Technical Skills and Expertise
Proficiency in AI model porting and optimization, model conversion workflows, and quantization techniques (INT8 / mixed precision) is expected. Expertise in runtime integration and optimization, machine learning models, and popular frameworks such as PyTorch, TensorFlow, and ONNX is required. Experience with inference pipelines, including vLLM, TGI, and Triton, is necessary for building and deploying scalable solutions. A strong understanding of LLM and GenAI models, deep learning applications, and AI inference hardware constraints, along with system-level performance bottlenecks, is crucial.
- Customer-facing technical engagement, AI model selection, deployment feasibility, system architecture, and performance expectations.
- Model-infrastructure alignment, understanding memory constraints, accelerator architecture, and scaling limitations.
- Performance and scalability engineering, including scaling strategies (horizontal vs vertical) and hardware deployment sizing.
- Workload scalability limits and end-to-end AI pipeline design, including multi-model workflows, data preprocessing, and post-processing stages.
- Video pipeline choices (*, FFMPEG vs GStreamer) and integration into inference pipelines, ensuring alignment with performance requirements and real-time constraints.
- Model trade-off analysis and validation, including model simplification and precision vs efficiency trade-offs.
- Deep learning model development, inference systems, and data center or edge AI platforms.
- Model quantization and optimization techniques, and model deployment pipelines.
- Proficiency in C++, Python, software design, debugging, and performance analysis.
- Hands-on experience with Linux-based systems, low-level software, drivers, and system bring-up.
- Understanding of AI inference hardware and system-level performance bottlenecks.
- Experience with hardware accelerators for inference, real-time AI systems, computer vision, and video analytics projects.
- Knowledge of distributed inference methods and large-scale model deployments.
- Proficiency in video processing workflows and relevant software frameworks.
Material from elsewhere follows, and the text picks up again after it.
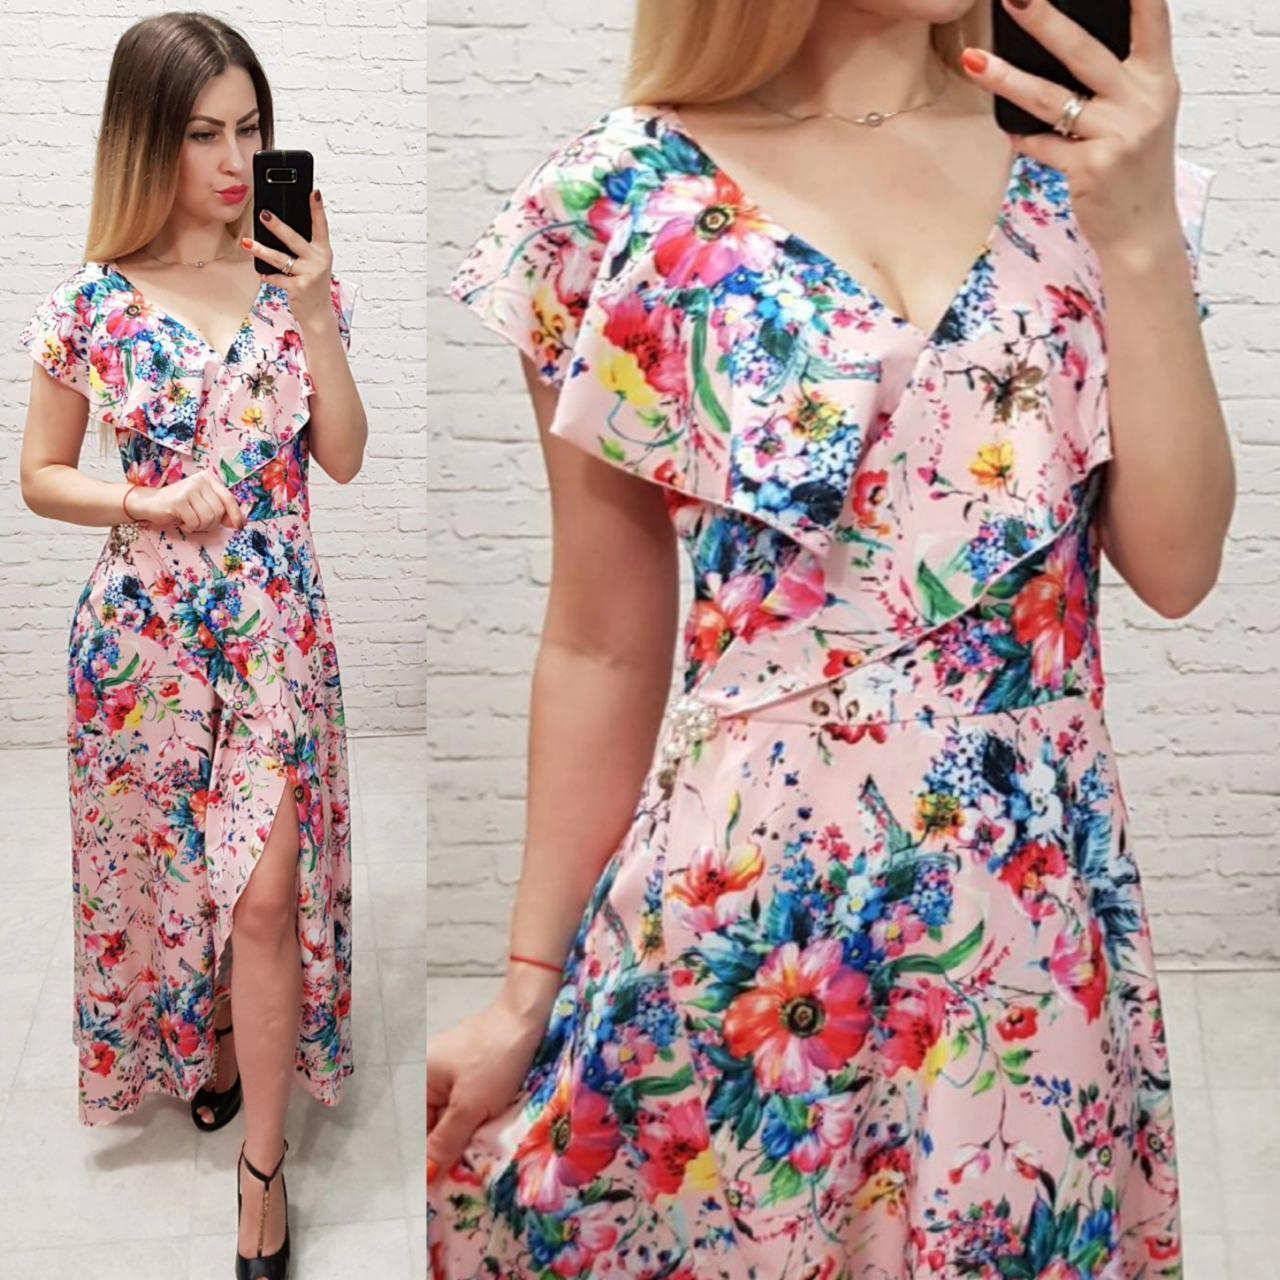 Новинка!!! Женственное платье на запах с брошью, длина макси, принт маки на пудровом
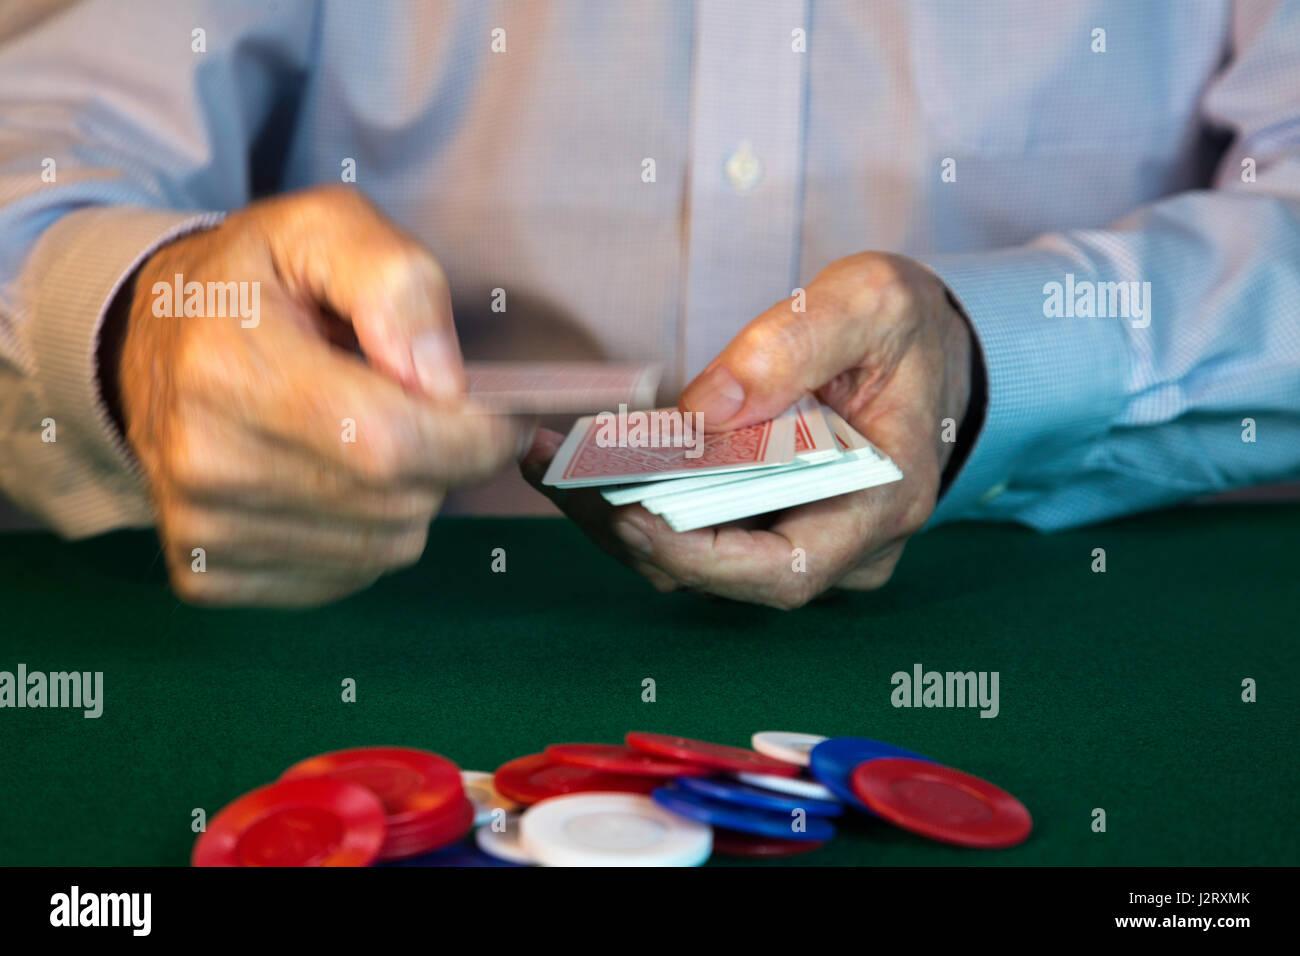 Man Dealing Cards at Poker Game - Stock Image

- Experience with Linux environments, containers, orchestration, and source code management tools like Git.
- Customer requirement translation into technical solutions, including discovery, scoping, success criteria, and execution plans.
- Ability to build and deliver technical demos, proofs-of-concept, and reference applications.
- Technical writing skills for documentation and partner training.
- Experience with issue triage, technical escalations, and stakeholder management.
Work Environment and Location
This is a full-time position based in Riyadh, KSA. The role involves customer-facing interactions and may require travel for customer engagements and strategic reviews. Qualcomm is an equal opportunity employer and is committed to providing an accessible process for individuals with disabilities. Employees are expected to abide by all applicable policies and procedures, including security and confidential information requirements.